Need some help with spawners

dstack4273 · June 6, 2022, 4:58pm

I need some help with a couple of things that I’ve been struggling with sorting out.

The first thing should be pretty easy. I have two docker images one that we’re using SystemUserSpawner to relate it to the user home directories on the system where everything is being run. The other is self-contained and doesn’t require any volume mounts to the host system. I think that I would need to implement a custom spawner that can use either SystemUserSpawner or DockerSpawner depending on which image is selected in the image picker. I haven’t been able to find a good example of how to go about implementing this though. I would be grateful for any pointers or examples that anyone knows of that does a similar thing.

This second thing is less straight forward and I’m not even sure where it might make the most sense to handle the problem. As I mentioned above, we have an image that uses SystemUserSpawner. The system itself has an automated account request process so a user that doesn’t already have access can request an account and after some amount of time they’ll be ready to work. The problem is that if a user attempts to use our Hub without an account on the host system they get stuck where they’re unable to successfully spawn a container or stop any of the phantom containers they attempted to spin up. As an admin, I can go in and see their account and these “containers” that they attempted to start but cannot stop them[1] or delete the user[2]. I made a new API token and tried to work around the Admin UI to purge the containers and users with no luck. I also tried to drop the rows of the users from the sqlite table[3] which didn’t let the user log in, but did remove their row from the Admin user server view.

The only resolution we’ve been able to figure out so far is to restart the Hub which clears up the problematic entries in the user table and drops the phantom containers from the hub/proxy. It would be great if there were some way to reset things for those users without requiring a restart. Even more ideal would be if there is some logic that could be added to the spawning process that would prevent the bad state ever getting reached to begin with.

Our production instance is running Hub version 1.4.2, but I’ve gotten 2.3.0 staged and should be deploying this week if that matters any.

Thank you so much for reading and if you have any questions please let me know.

These aren’t the exact same problem, but the errors I get in my scenario match these two:
[1] - Deleting a spawning server · Issue #2975 · jupyterhub/jupyterhub (github.com)
[2] - Deleting user who has a running server is creating a warning message · Issue #647 · jupyterhub/jupyterhub (github.com)

dstack4273 · June 6, 2022, 4:59pm

Sorry I could only include 2 links in my initial post :-/

[3] - As detailed in the “how to fix” section from jstaf:
Deleting OS users causes Jupyterhub server to fail to start · Issue #1060 · jupyterhub/jupyterhub (github.com)

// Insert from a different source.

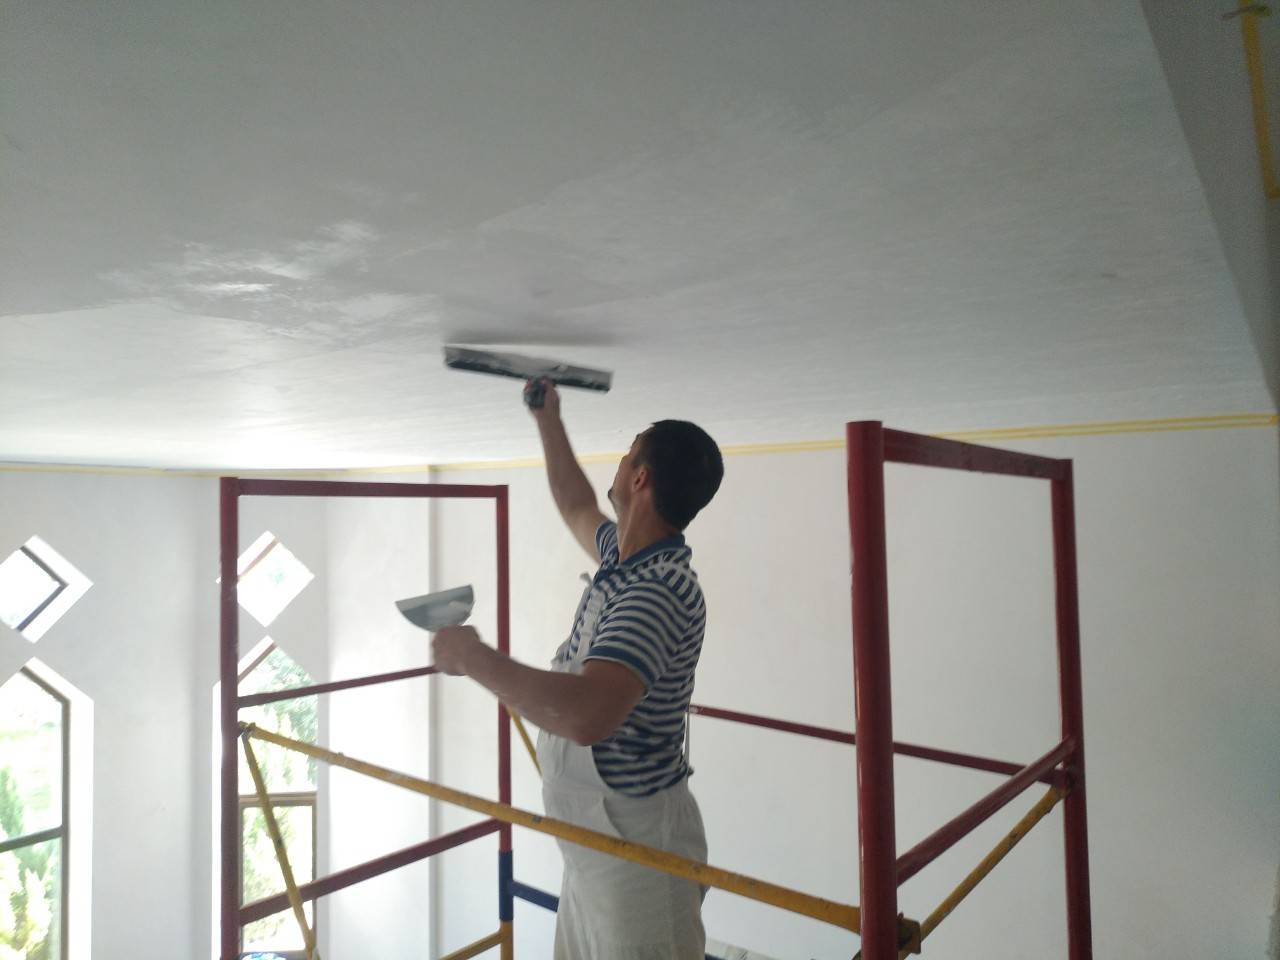 Процесс подготовки и покраски стен из гипсокартона

manics · June 7, 2022, 11:09am

Have a look at GitHub - jupyterhub/wrapspawner: Mechanism for runtime configuration of spawners for JupyterHub, it may work for you.

Would you mind expanding on the exact problem you need to solve? I think if you modify your spawner to return an error if the user doesn’t exist on the host system you won’t have any stale servers since they’re never started.

dstack4273 · June 7, 2022, 1:15pm

Sorry if I was meandering to the point. Yes exactly, I believe that would resolve the issue since as far as I’ve been able to tell there is no other way to interrupt or clear the bad state a user gets into unless you restart the Hub. I think I remember seeing a spawner function that resolves just before spawning happens, would that be the most reasonable place to check for a user on the host system?

Thanks,
-Dustin

minrk · June 8, 2022, 7:14am

That would be Spawner.pre_spawn_hook.

dstack4273 · June 13, 2022, 9:46pm

If I return False if the check for the user account isn’t successful, would the spawn process be interrupted and everything else that might be pending start get stopped on its own, or would I also need to call stop() to terminate spawning? I think if I’m understanding the Spawner class code correctly the call to run_pre_spawn_hook function it just returns whatever is returned from pre_spawn_hook so returning False should stop the rest?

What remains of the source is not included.